### Data records:
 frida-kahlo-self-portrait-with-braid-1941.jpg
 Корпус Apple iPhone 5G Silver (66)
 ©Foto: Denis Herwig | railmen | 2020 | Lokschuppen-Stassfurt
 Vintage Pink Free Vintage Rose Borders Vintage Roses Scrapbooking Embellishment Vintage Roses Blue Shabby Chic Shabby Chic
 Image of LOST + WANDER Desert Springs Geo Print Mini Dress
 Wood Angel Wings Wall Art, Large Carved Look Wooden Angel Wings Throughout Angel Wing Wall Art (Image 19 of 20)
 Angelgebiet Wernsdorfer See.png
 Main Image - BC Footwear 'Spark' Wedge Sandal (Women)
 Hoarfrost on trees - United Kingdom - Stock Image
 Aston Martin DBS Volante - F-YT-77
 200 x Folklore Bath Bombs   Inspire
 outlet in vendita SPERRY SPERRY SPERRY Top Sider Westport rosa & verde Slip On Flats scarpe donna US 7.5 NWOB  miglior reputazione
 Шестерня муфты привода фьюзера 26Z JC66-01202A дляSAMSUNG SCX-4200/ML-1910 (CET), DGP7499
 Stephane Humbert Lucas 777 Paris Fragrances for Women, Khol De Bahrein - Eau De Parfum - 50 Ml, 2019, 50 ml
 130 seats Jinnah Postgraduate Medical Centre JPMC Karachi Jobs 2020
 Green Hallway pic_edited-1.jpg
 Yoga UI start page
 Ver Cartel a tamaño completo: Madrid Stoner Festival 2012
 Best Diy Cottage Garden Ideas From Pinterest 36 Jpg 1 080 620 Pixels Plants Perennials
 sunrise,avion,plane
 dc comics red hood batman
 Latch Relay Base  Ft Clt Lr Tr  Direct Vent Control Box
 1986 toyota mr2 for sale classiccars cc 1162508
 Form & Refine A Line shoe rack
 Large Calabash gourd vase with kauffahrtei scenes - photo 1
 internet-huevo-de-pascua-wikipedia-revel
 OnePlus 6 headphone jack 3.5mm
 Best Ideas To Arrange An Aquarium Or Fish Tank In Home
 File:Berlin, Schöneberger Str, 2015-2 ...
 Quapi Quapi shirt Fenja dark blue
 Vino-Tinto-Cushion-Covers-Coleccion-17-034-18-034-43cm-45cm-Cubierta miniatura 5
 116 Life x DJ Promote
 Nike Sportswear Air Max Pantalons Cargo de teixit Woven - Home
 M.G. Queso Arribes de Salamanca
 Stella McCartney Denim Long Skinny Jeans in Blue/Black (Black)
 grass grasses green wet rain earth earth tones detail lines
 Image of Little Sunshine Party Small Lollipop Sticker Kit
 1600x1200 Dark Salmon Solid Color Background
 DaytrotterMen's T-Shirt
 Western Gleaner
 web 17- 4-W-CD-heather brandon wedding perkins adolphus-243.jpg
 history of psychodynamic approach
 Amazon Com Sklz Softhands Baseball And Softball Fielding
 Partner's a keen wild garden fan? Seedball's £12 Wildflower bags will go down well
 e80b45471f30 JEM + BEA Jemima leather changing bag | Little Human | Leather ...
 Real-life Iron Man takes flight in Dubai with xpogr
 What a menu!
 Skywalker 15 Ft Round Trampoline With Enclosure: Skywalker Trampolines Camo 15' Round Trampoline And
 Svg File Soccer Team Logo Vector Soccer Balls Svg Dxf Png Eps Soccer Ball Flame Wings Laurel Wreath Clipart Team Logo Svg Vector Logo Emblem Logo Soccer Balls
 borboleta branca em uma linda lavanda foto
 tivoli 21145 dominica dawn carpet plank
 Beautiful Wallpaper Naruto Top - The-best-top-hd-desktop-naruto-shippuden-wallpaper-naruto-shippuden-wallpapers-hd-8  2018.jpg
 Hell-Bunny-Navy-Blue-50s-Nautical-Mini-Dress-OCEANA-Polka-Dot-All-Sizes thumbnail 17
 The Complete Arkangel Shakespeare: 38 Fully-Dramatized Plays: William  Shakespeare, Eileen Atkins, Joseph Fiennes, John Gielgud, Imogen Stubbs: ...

### Work task:
For this exercise, gather every line of the data that contains the word "Women".

### Answer:
 Main Image - BC Footwear 'Spark' Wedge Sandal (Women)
 Stephane Humbert Lucas 777 Paris Fragrances for Women, Khol De Bahrein - Eau De Parfum - 50 Ml, 2019, 50 ml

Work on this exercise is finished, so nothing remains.